MESA was founded in 1966 to support scholarship and teaching on the Middle East and North Africa. The preeminent organization in the field, the Association publishes the International Journal of Middle East Studies and has over 2500 members worldwide. MESA is committed to ensuring academic freedom and freedom of expression, both within the region and in connection with the study of the region in North America and elsewhere.
Hassan has been one of the pillars of Egypt’s human rights movement since the 1980s. Before founding the CIHRS in 1993, he worked with various reputable groups such as the Arab Organization for Human Rights and the Egyptian Organization for Human Rights. From 2004 until 2007, Hassan also served on the National Council for Human Rights, an independent body tasked by the Egyptian government to promote and maintain human rights in Egypt. A highly respected activist and humanist, he has participated in United Nations conventions and other international fora where he has detailed the state of human rights and human rights advocacy work in Egypt. Hassan has been living in exile in France since 2014.
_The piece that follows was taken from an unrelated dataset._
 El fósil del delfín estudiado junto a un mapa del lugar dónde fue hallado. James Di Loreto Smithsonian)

On 25 August, Hassan was sentenced in Case no. 5370/2020. The state’s investigation began in July 2018, and its charges, including “spreading false news” and “incitement against the state and its judiciary,” were based on tweets he had posted on social media about the human rights situation in Egypt. The recent charges and the court’s verdict cited articles of the Penal Code in addition to the newly enacted, draconian Anti-Cybercrime Law. Particularly disturbing, however, is that the Egyptian judiciary had sentenced him, in absentia, in September 2019 to three years’ imprisonment in a different case also based on posts on social media. In the assessment of the Egyptian Initiative for Personal Rights (EIPR), Hassan’s sentencing “in two different cases…with different legal articles based on the same published material…hypothetically opens the way for new cases in the future based on the same material” (EIPR Statement, 29 August 2020). Proceeding thus signifies a deeply troubling shift in how the law is used. The intention appears to be to double the punishment for Hassan, while intimidating other human rights researchers and workers into silence, inaction, or hopeless resignation.
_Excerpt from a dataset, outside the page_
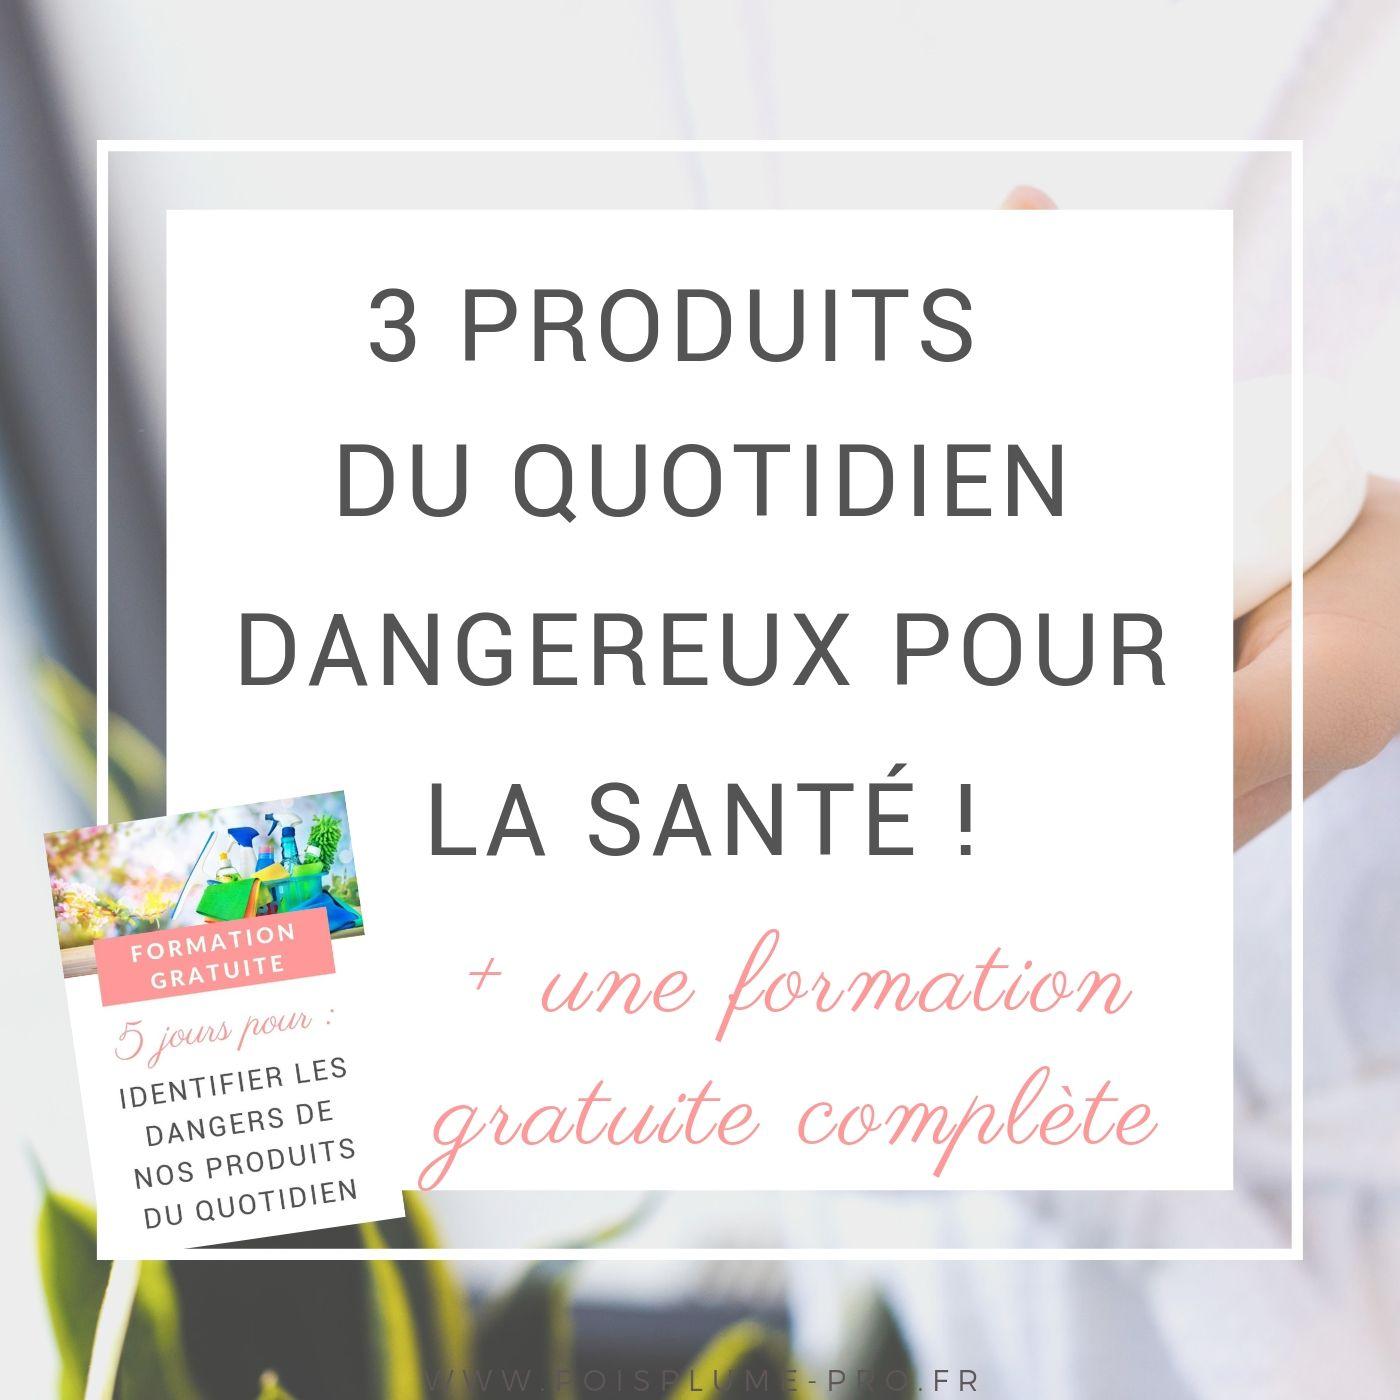 Maison au naturel ces 3 produits du quotidien dangereux pour la santé (1)

We are especially worried that the recent verdict is an attempt to put an end to the critical work of both Mr. Hassan and the CIHRS itself. Since its founding, the institute has played a critical role in promoting civil liberties and supporting academic research. It has organized workshops for scholars and students of human rights, as well as regular seminars and conferences on human rights conditions and research in Egypt and the region. The CIHRS has published books and reports, including publications about freedom of research and the independence of universities. Most notably, since 1996, it has been publishing Rowaq Arabi, an electronic journal that “offers in-depth discussions and analyses of human rights policies and developments in the Middle East and North Africa, utilizing approaches drawn from the social sciences, humanities, and law” (https://rowaq.cihrs.org/about/?lang=en). Unfortunately, the persistent attacks on human rights and civil society organizations in Egypt led CIHRS to move its regional and international operations outside Egypt in 2014.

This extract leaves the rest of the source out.